If either of those two got back into the White House, God help us!
MaryfromMarin
November 5th, 2012
Hi, Xavier!!
________________
They’d need to have a custom-built desk. I’d suggest six feet high, four inches thick, with a grille to speak through.
MaryfromMarin
November 5th, 2012
@Jethro–
I don’t care how patriotic your tattoo is–pull up your pants.
MaryfromMarin
November 5th, 2012
(sorry, @Jethr0–I forgot to say “please”.)
Gigantiass
November 5th, 2012
She could combine a cooking show with an eating contest and in a couple months she would be bigger than oprah, ellen degenerate, and all the big gals on the view combined.
Commissar M
November 5th, 2012
As I said to Mrs M earlier, “What the f— have we done to deserve that?”

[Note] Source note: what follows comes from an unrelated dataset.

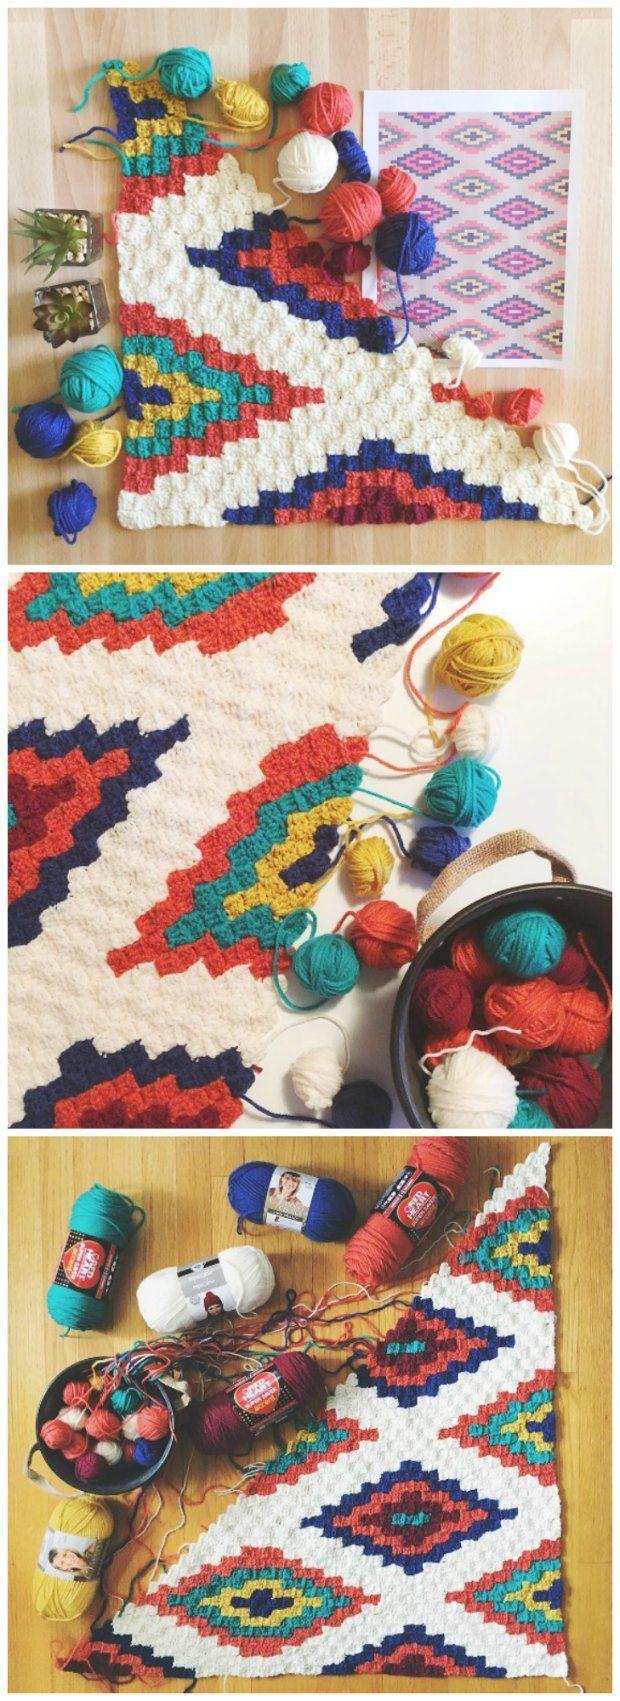 Corner To Corner Crochet Southwestern Afghan Throw blanket | Teppich ...

Of course yesterday I said that I could foresee a lifetime of the Obama’s living on the largess of wealthy leftist benefactors. However, the idea of daytime talk show for the First Wookie just sounded too silly to mention. Proving that leftists can always top the most ridiculous scenarios you can imagine for them.
bitterclinger
November 5th, 2012
“My Shtruggle,” with Mooch O.
This oughta set new records for fastest cancellation. I love seeing these idiotic networks get pwnd!
beachmom
November 5th, 2012
That is one of the creepiest, most evil pictures I’ve seen of Shelly Antoinette.
That would have been good for Halloween!
marleenna1959
November 5th, 2012
let me know what channel she will be on so I can block it permanently.
tumbleweed
November 5th, 2012
The Mooprah Show where the make a barack sandwich. Please God, forgive me for such a disgustingly nasty brain fart of a thought.
Moosebutticus
November 5th, 2012
she does look like she’s about to get hit with a pie in the face.
mcnorman
November 5th, 2012
Squatch Gone Wild
Dano
November 5th, 2012
My Wife and I watch nothing, NOTHING, that is in any way “talk show related.” Most that is on tv now is pure CRAP with a sprinkle of VOMIT! Ciao Baby!
Ten Megaton
November 5th, 2012
My dvr memory is gonna be full all the time don’t ya know.
Chalupa
November 5th, 2012
Bay Squatch
Shutterbug
November 5th, 2012
BO will spend 2-3 years stoned and high before he ascends to Secretary-general of the UN.
Freeshiticus
November 5th, 2012
You Bet Your Wife. A show for gays who marry just to not look so gay.
Jullou
November 5th, 2012
She would have to have some speech therapy for that lisp.
IronyCurtain
November 6th, 2012
I Love Moosey
AbigailAdams
November 6th, 2012
94 comments! Come on now, admit it, you’re gonna miss kickin’ her around.
There’s a saying around our house — uttered by the man here — “worthless as tits on a boar.” That would be the net worth of anything michelle obama would impart to our lives coming at us in HD on the tee vee. It would be great if Current tee vee would pick her up, though. She and that rachel madcow person would make a great team.
(I’m so looking forward to having Mrs. Romney as our FLOTUS.)